* [DESCRIPTION OF THE TASK] Without changing a thing, reproduce the entire listing and leave out its pictures.

* [COLLECTED DATA]
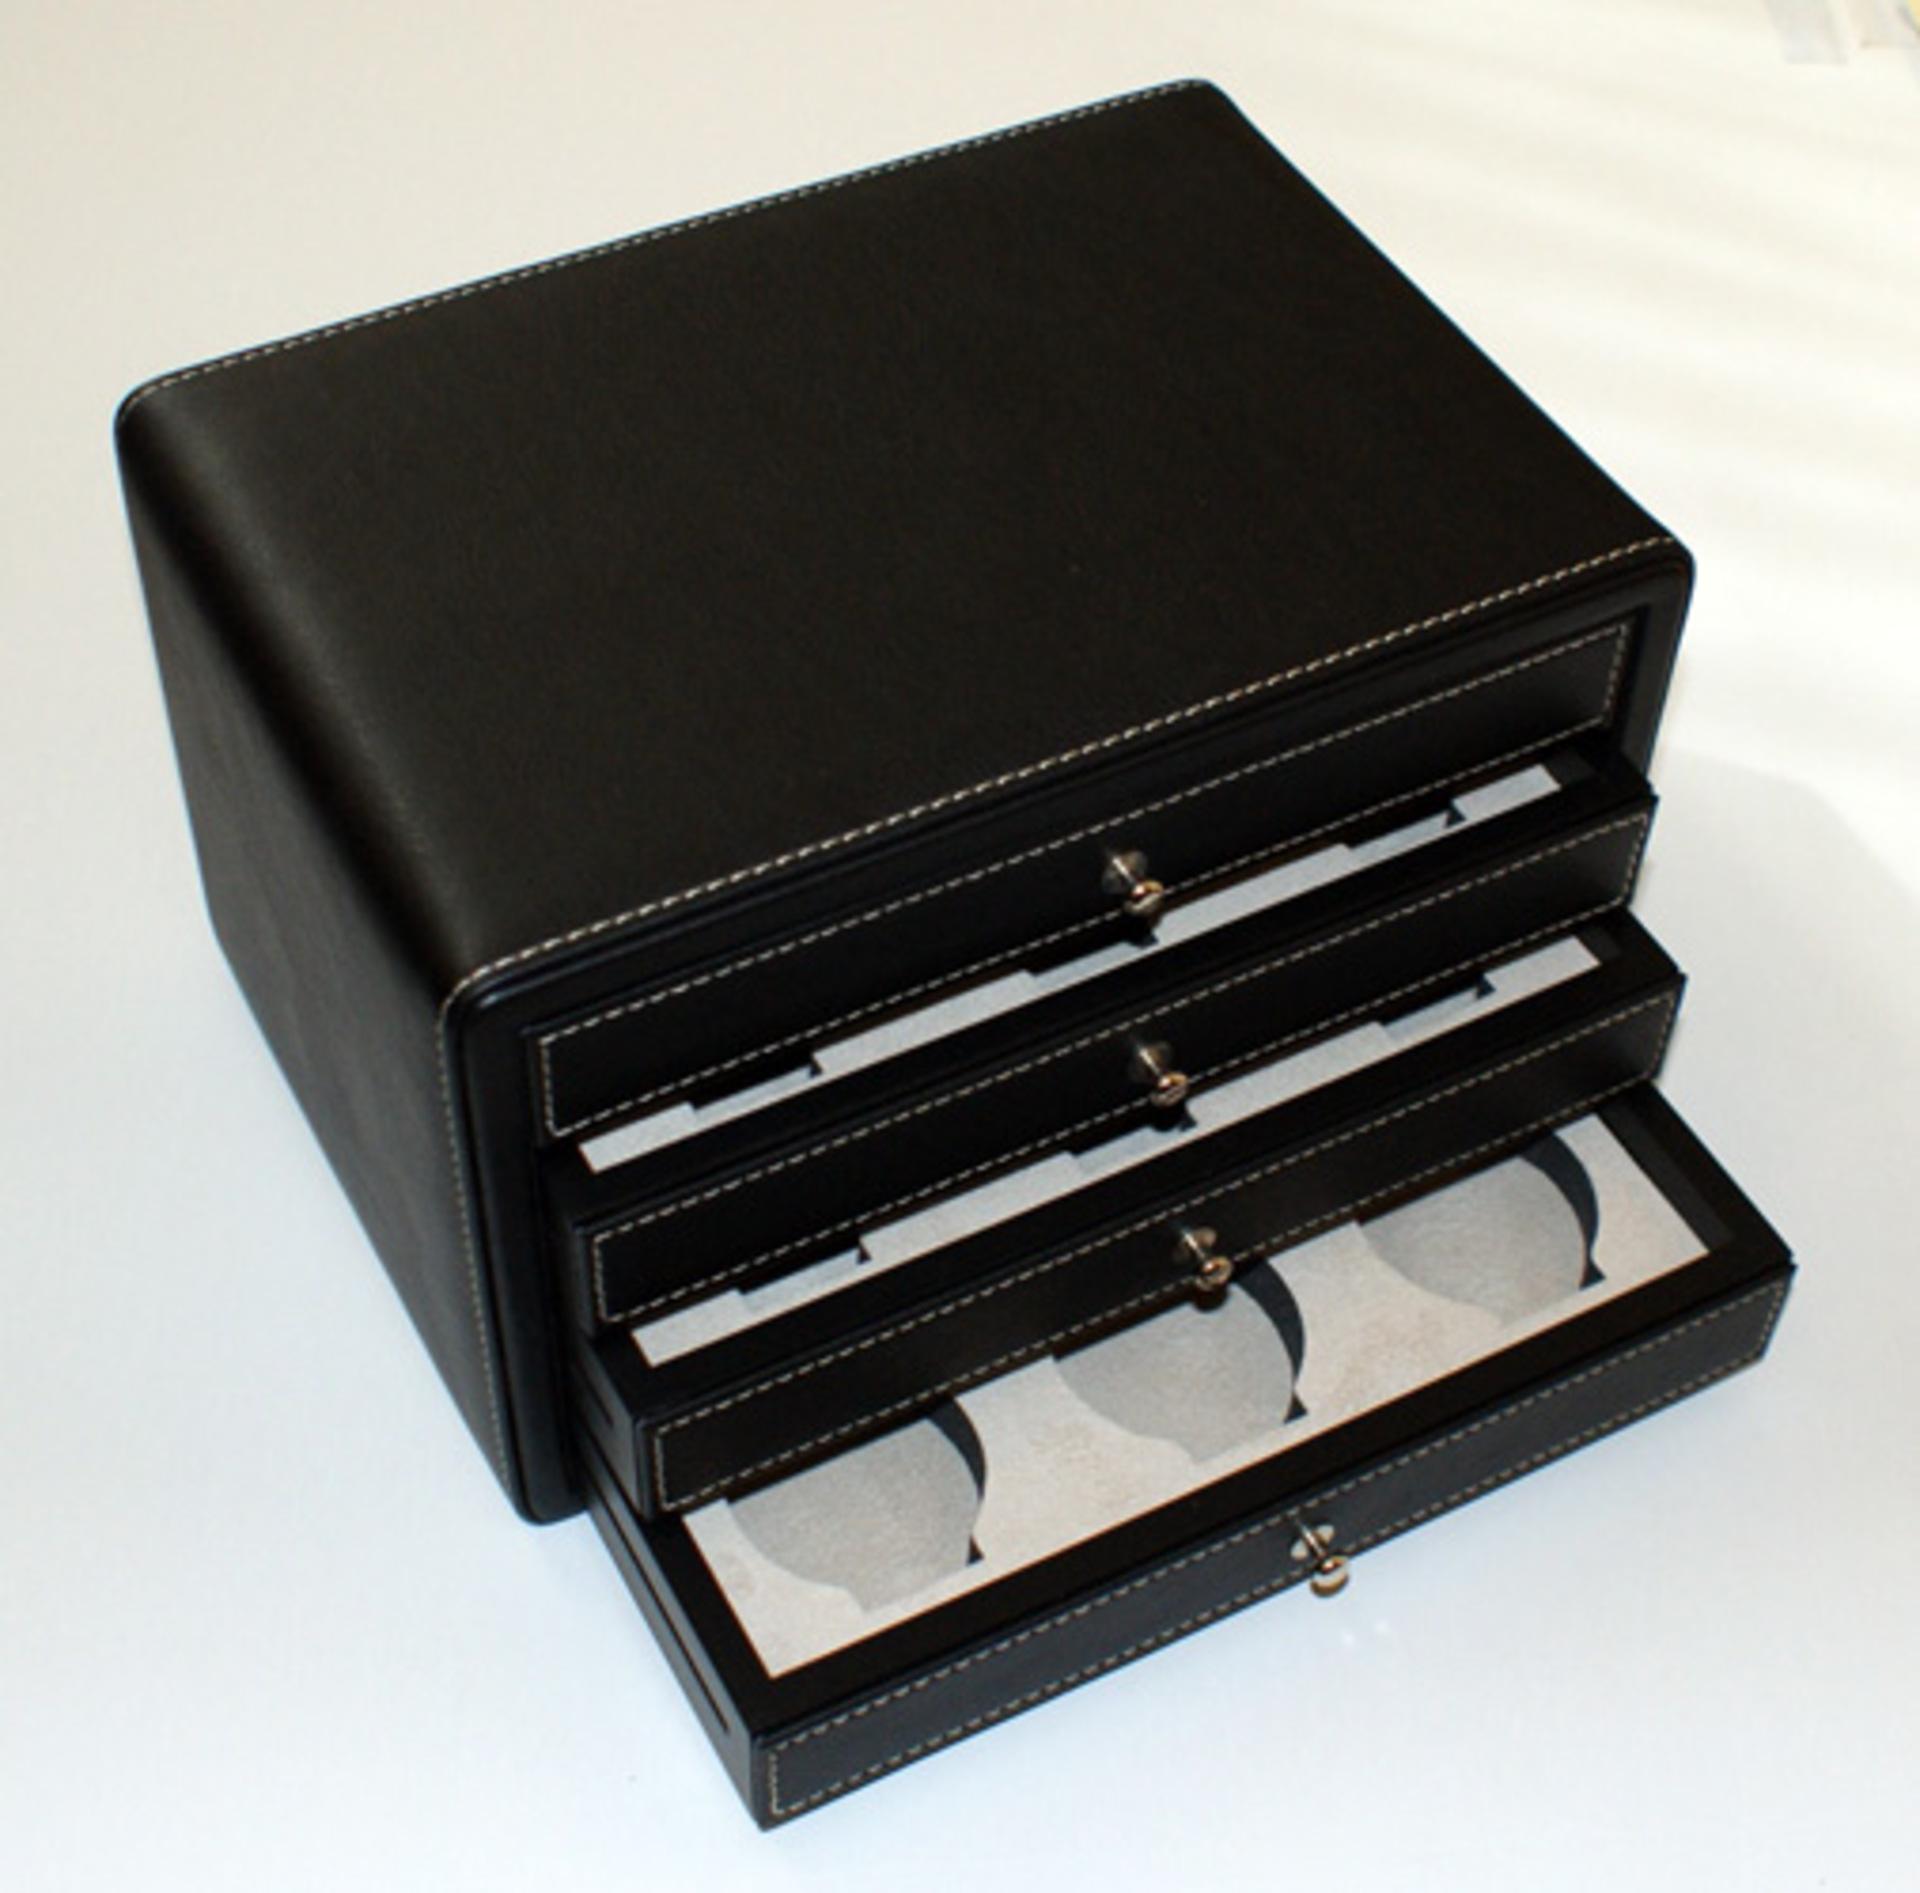 Porta orologi scatola con cassetti 12 posti temporo - Porta orologi uomo ...
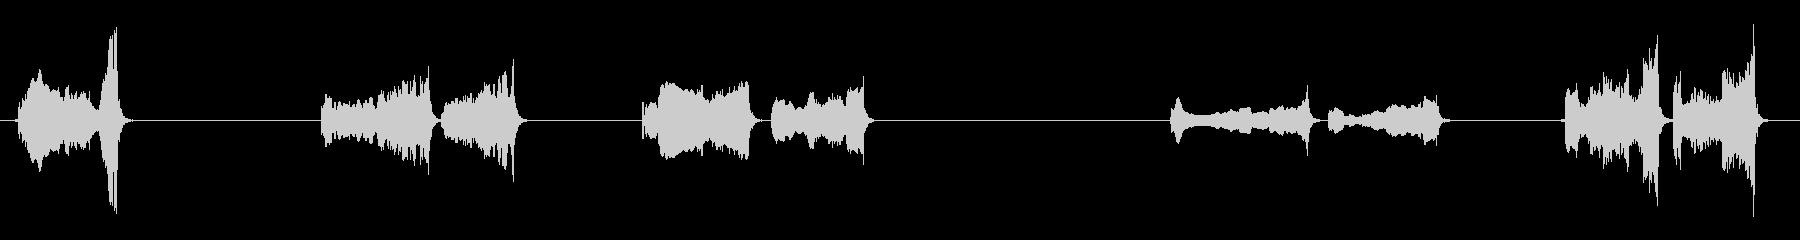 いくつかの孤立したハヤブサの鳴き声の未再生の波形
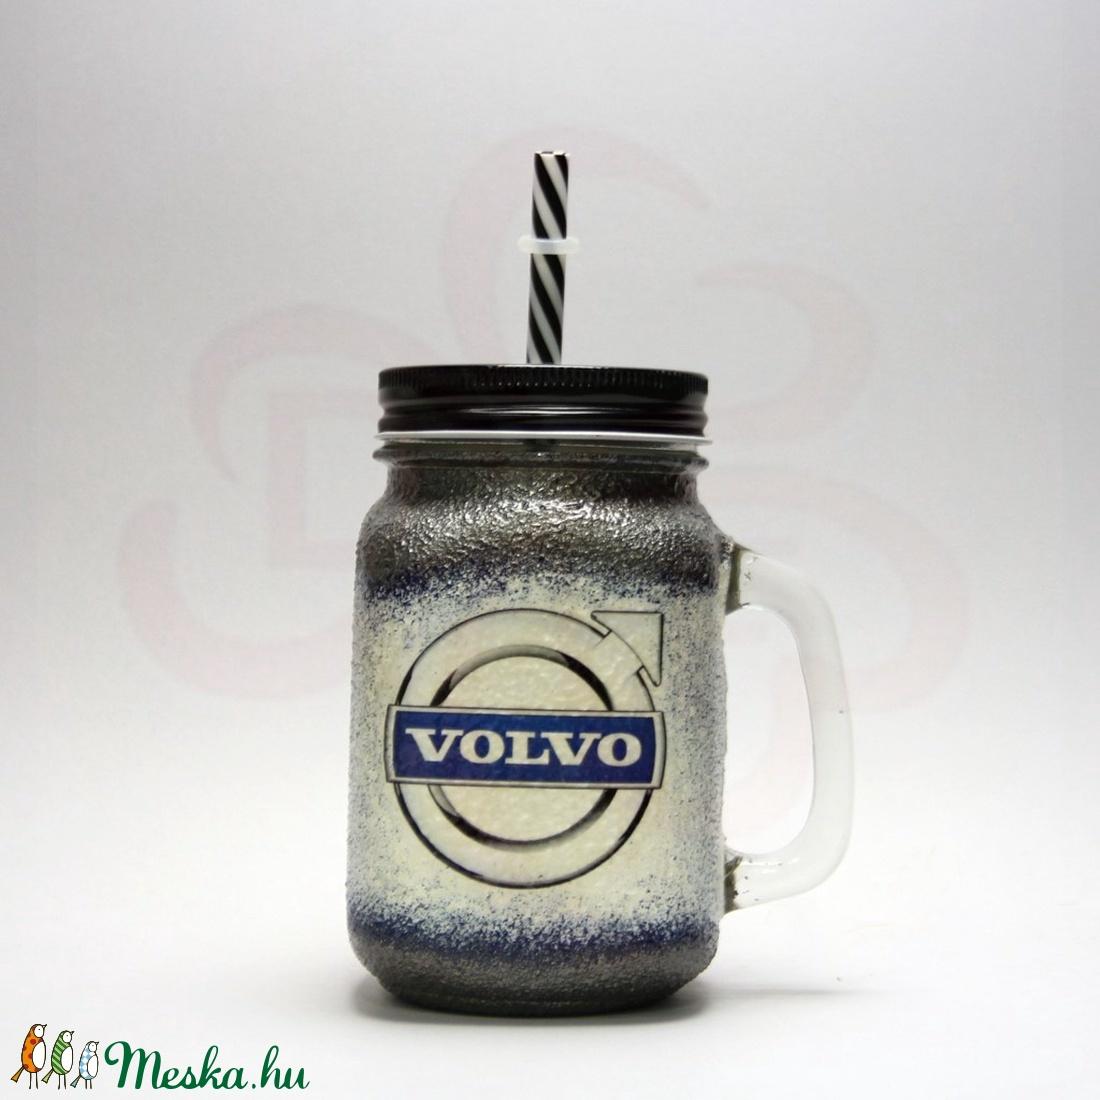 VOLVO üdítős pohár ; Volvo autód fényképével is! (decorfantasy) - Meska.hu

* [TASK ANSWER]
 Porta orologi scatola con cassetti 12 posti temporo - Porta orologi uomo ...
 いくつかの孤立したハヤブサの鳴き声の未再生の波形
 VOLVO üdítős pohár ; Volvo autód fényképével is! (decorfantasy) - Meska.hu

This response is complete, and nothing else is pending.